Endete Ihre aktuelle Leistungsbewilligung muss für eine Weiterbewilligung der Leistungen ein Folgeantrag gestelltwerden.Der Antrag kann für den laufenden Monat bis zum Monatsletzten (Eingang im Jobcenter) gestellt werden (Antragsrückwirkung auf den 1. des Monats, § 37 Absatz 2 SGB II). Alle Bezieher von Leistungen der Grundsicherung nach dem SGB II (mit oder ohne Erfordernis einen Folgeantrag zu stellen) sind weiterhin verpflichtet dem Jobcenter mitzuteilen, wenn Änderungen eintreten, die für die Berechnung der Leistungen relevant sind.

PRO Arbeit - kommunales Jobcenter Oder-Spree

Besondere Einrichtung nach § 6a SGB II

Der Landkreis Oder-Spree hatte sich 2004, als eine von 69 op­tierenden Kommunen, zur eigenständigen Betreuung von Ar­beitslosengeld II-Empfängern entschlossen.

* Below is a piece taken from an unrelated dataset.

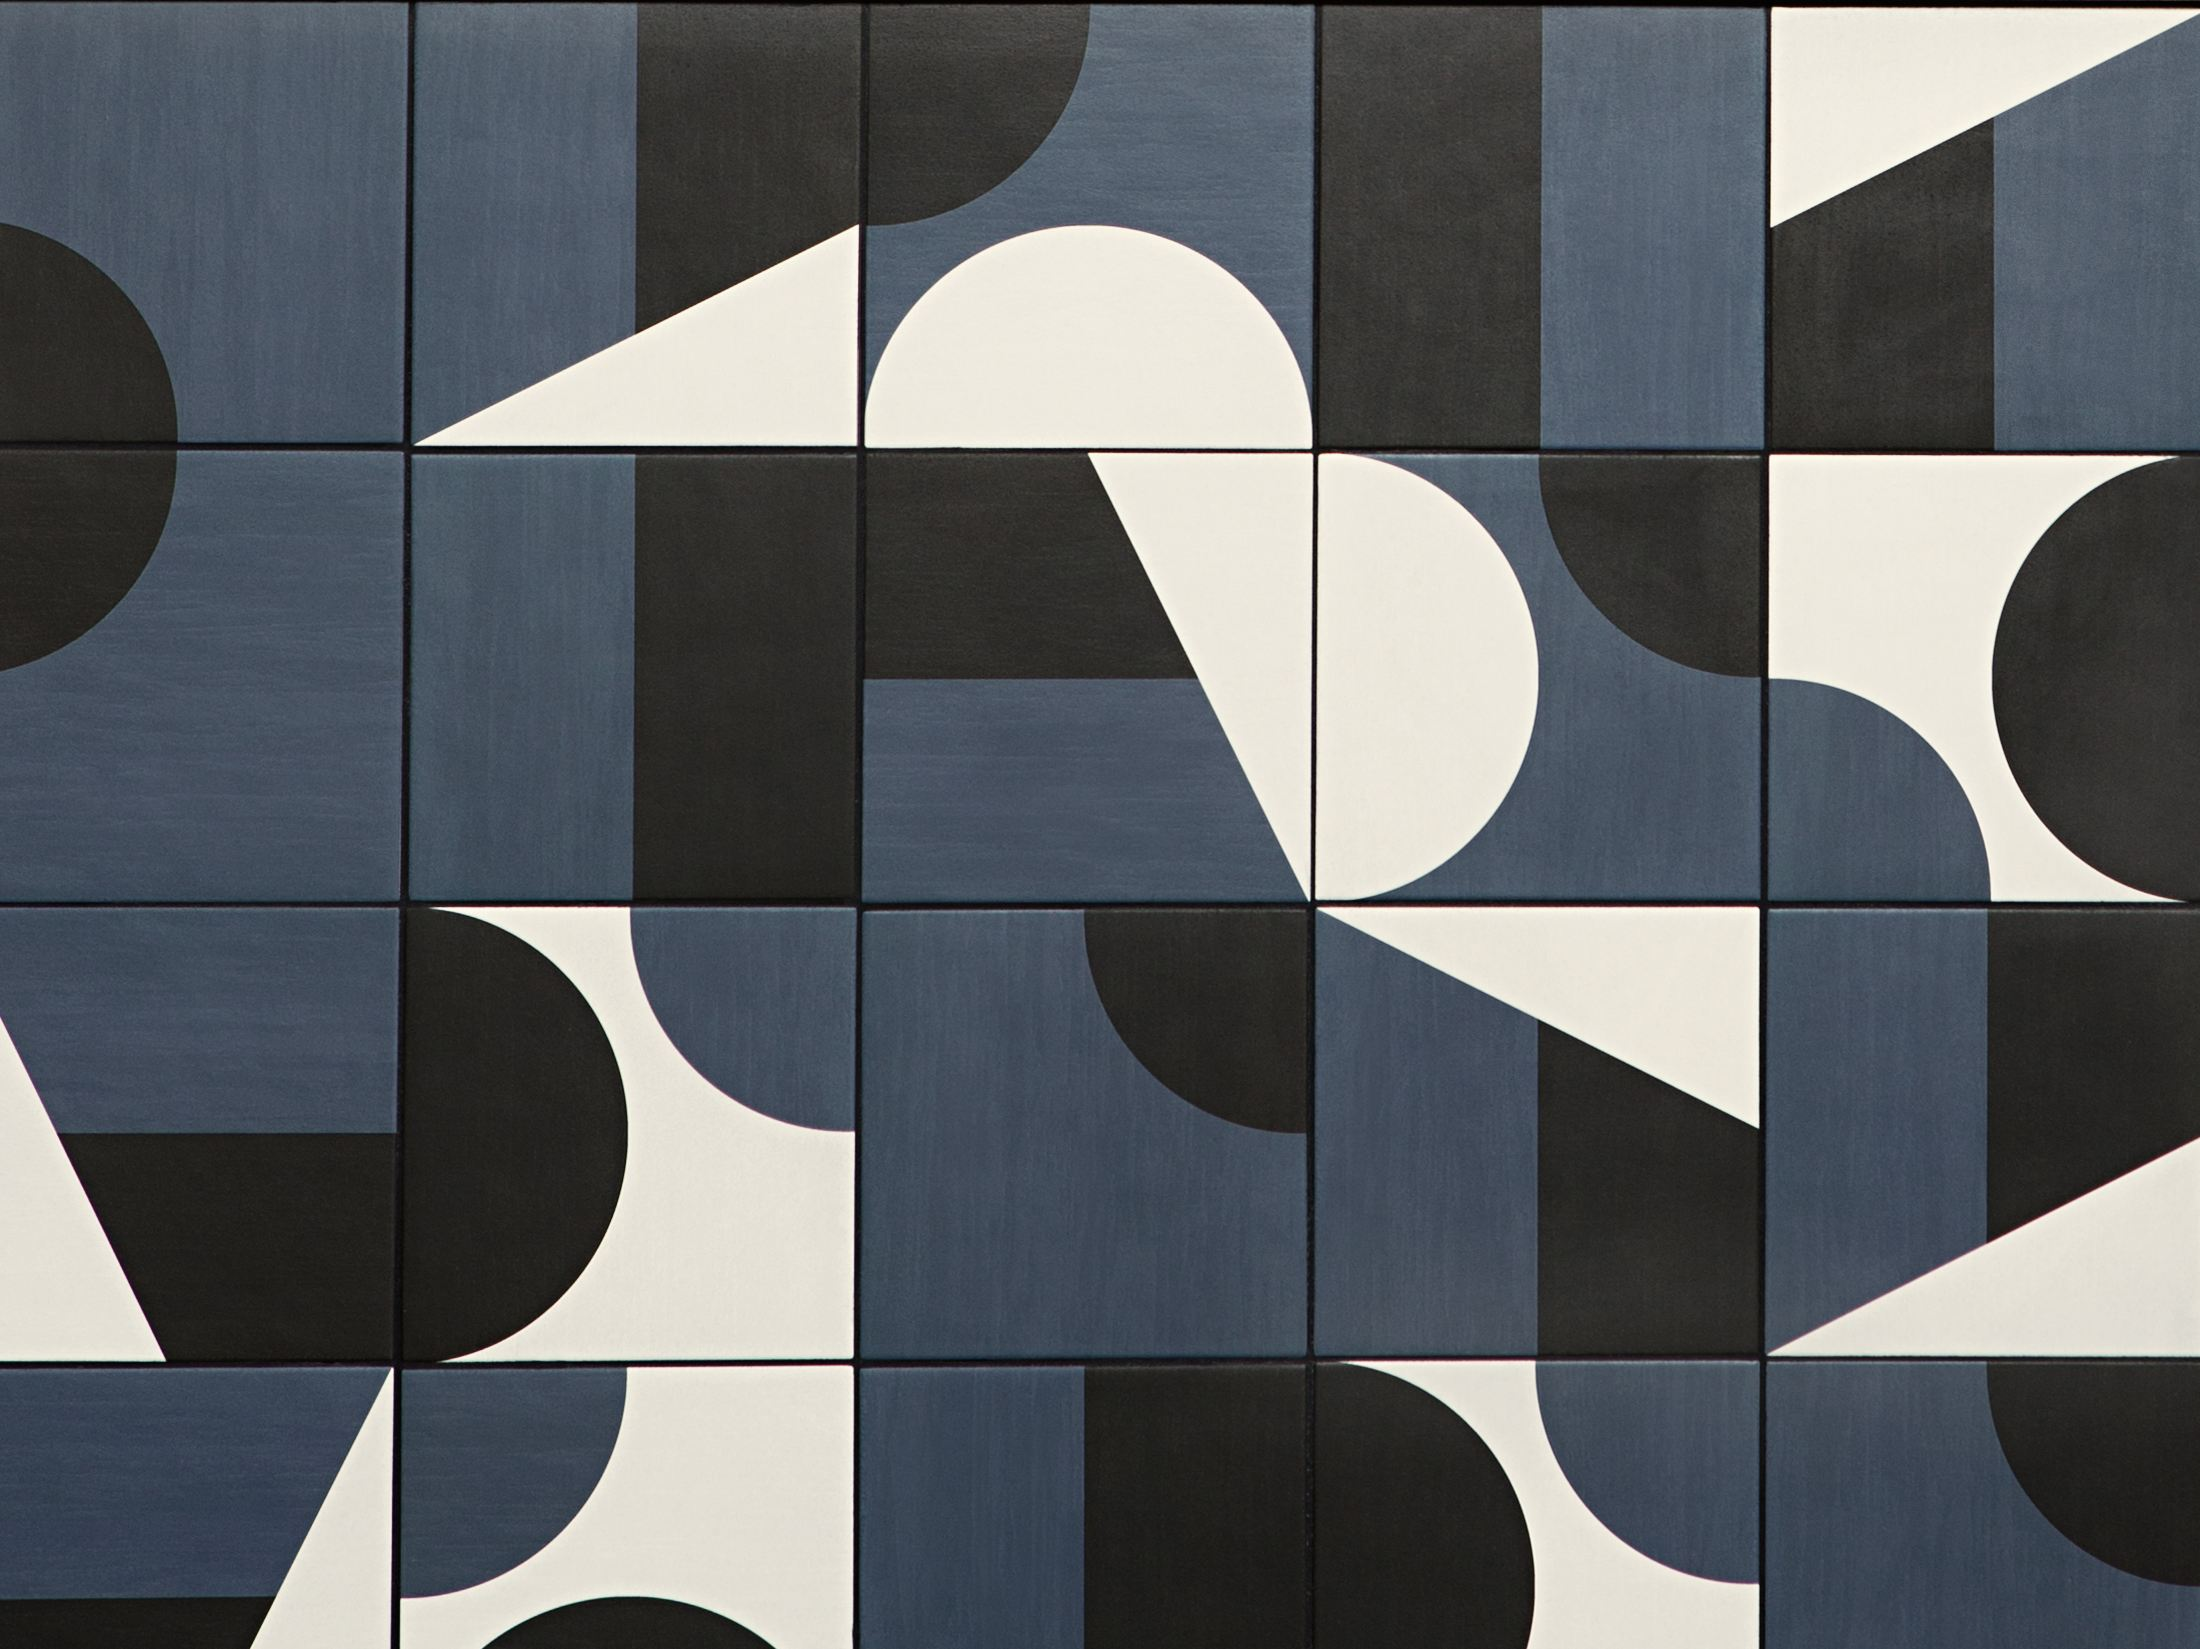 Puzzle Piece Floor Tiles Rebellions

Für die Umsetzung dieser Aufgabe wurde das kommunale Jobcenter als besondere Einrichtung gemäß § 6a SGB II mit den Geschäftsbereichen Finanzen, Grundsicherung für Arbeitsuchende und Regionaler Arbeits­markt/Integration gegründet.


Bürgernah werden leistungsberechtigte Bürger und Arbeitsu­chende sowie Ausbildungsuchende an den Standorten Fürsten­walde, Beeskow, Eisenhüttenstadt, und Erkner beraten.

Einzugsbereiche der Standorte / Regionalstellen


Als Ansprechpartner steht den Leistungsberechtigten an den je­weiligen Standorten für die Aktivierung und Eingliederung in den Arbeitsmarkt der Persönliche Ansprechpartner (PAp) und für die Leistungsgewährung der Leistungsrechner (LeiR) zur Verfü­gung. Jugendliche unter 25 Jahren werden zusätzlich von speziellen Ansprechpartnern des Teams der Ausbildungsberatung (AUBI) betreut.

Das Team Arbeitgeberservice unterstützt die Eingliederungsbemühungen von Leistungsberechtigten durch die Arbeitsvermittler (AV) sowie die Eingliederung von Rehabilitanden und Menschen mit Behinderung durch die Integrationsberater (IB). Außerdem bearbeitet der Arbeitgeberservice an allen fünf Standorten die Anträge zur Förderung von Arbeitgebern, führt das Bewerbungsmanagement durch und akquiriert Arbeitsplätze bei den regionalen und überregionalen Arbeitgebern.

Das Team Projektentwicklung, als Bestandteil des Geschäftsberei­ches Regionaler Arbeitsmarkt, plant, organisiert und überwacht die Arbeits- und Beschäftigungsmaßnahmen des 2. Arbeitsmarktes, die Ausschreibungen von Qualifizierungsmaßnahmen und Ausbildungsplätzen für benachteiligte Jugendliche und den Einkauf von Eingliederungsmaßnahmen.